Part of the system responsible for generating test cases.
Using information on usage patterns and data from static analysis we can easily generate test stubs for each function/method in a module/class. Since we already know the structure of the code we can generate setup and teardown code for methods of the same class, that will initialize a sample object, for example.
Note: pyreverse includes py2tests, a unittest skeleton generation. All of its functionality (generating test stubs for classes and functions inside modules) is already handled in Pythoscope.
There are at least a few ways to organize and run your test cases. Differences include:
- a testing framework used: unittest or doctest
- whether to use one-to-one correspondence between test classes and application classes
- usage of if __name__ == '__main__': in test modules
- whether test classes should subclass unittest.TestCase or not
- usage of runner/framework-specific functionalities, like e.g. raising SkipTest in nose
Quickcheck-style fuzzy testing, deriving code contracts
Another idea that is worth exploring is taking information about values passed around and deriving Eiffel-style contracts for methods and functions. It would work like this:
- Generate a random input of some chosen type. We could use some function contract information gathered earlier, but if that's not available we can continue anyway. Not only values of arguments should vary, but their number as well (important for testing functions with optional arguments).
- Call the function with generated input.
- Record the result.
- Generate a test case based on this.
Test cases don't have to be generated immediately, I'd rather see them grouped by the result (into equivalence classes1) and put into separate test cases.
Using this method we'll be able to come up with new test cases without any user interaction, and possibly beyond normal system usage, capturing "accidental" system behavior, which I'm guessing could be a real time saver for legacy systems.

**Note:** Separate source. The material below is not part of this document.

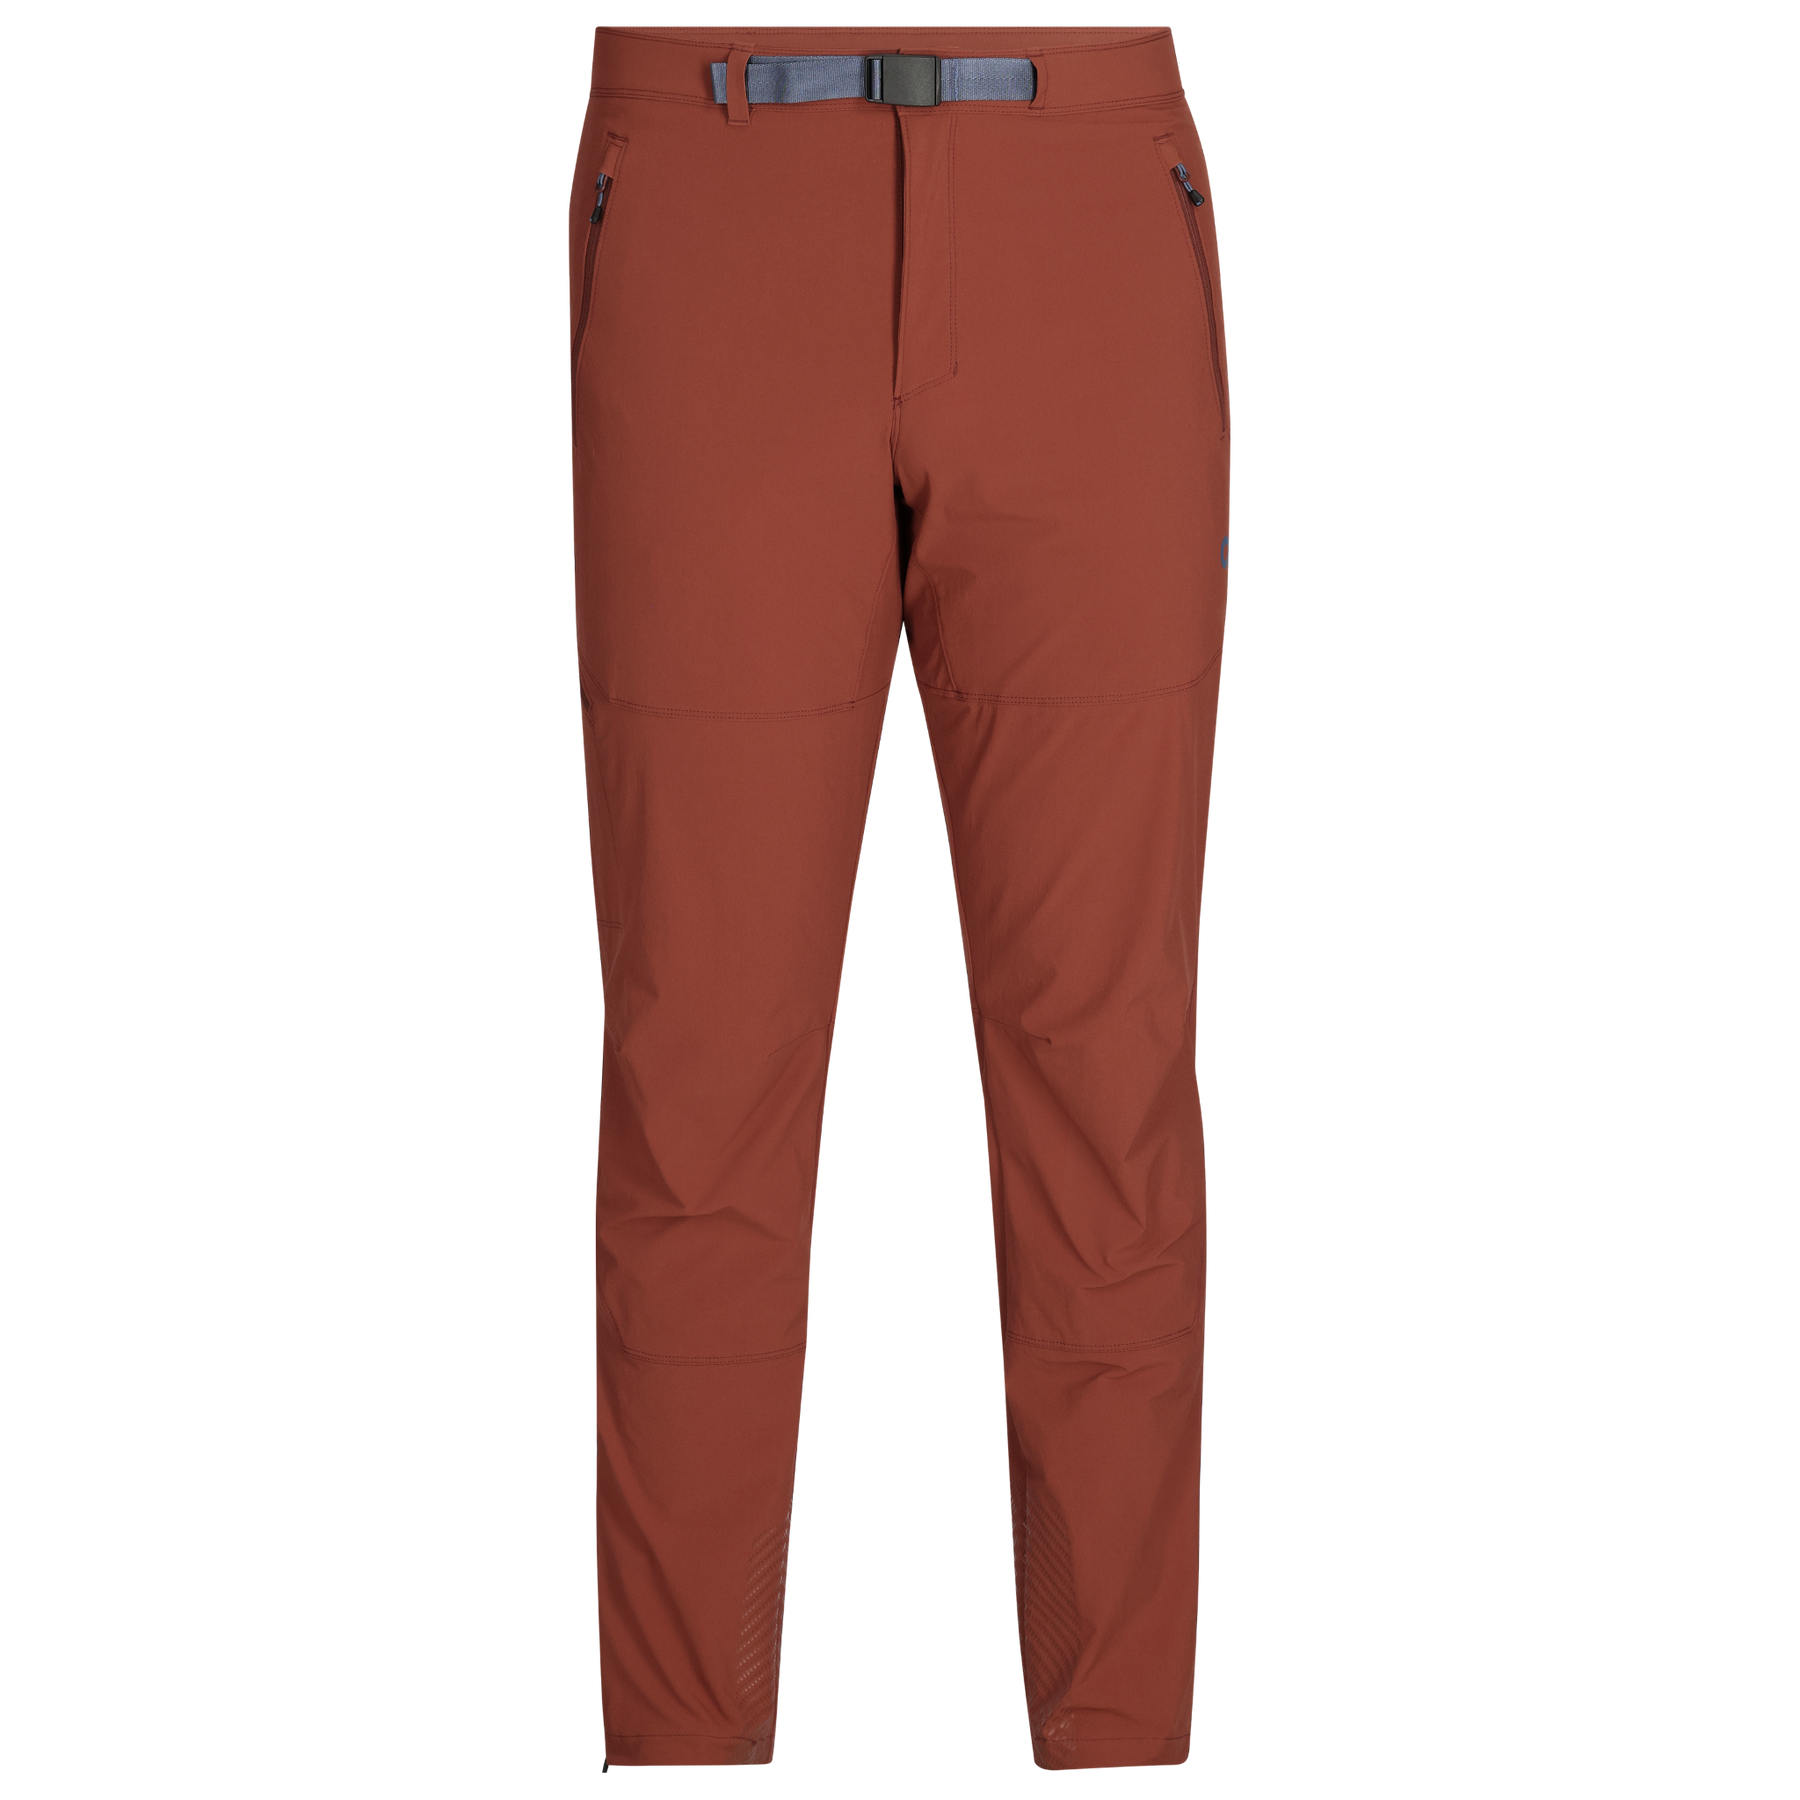 Outdoor Research Cirque Lite Pants - Athletic apparel

- Generated tests can be declarative in nature, inspired by Haskell's QuickCheck (see Peckcheck). Using type (or rather more general: range of typical/accepted values) information gathered from coverage reports we can generate new input/output couples to enhance generated tests even more (and possibly finding bugs). Care must be taken to ensure that generated tests don't fail (i.e. that our generalizations are right).
- How can we assure generated tests safety? Test generator doesn't know the meaning of functions it will generate tests for. For example, it may generate a test case for remove_glob with an argument '/*', which can potentially wipe out all developer's files. Maybe we can "guess" necessary stubs for particular test cases? Calling os.remove indicates a need for filesystem stub, while modules importing sqlite3 may require a database stub, etc.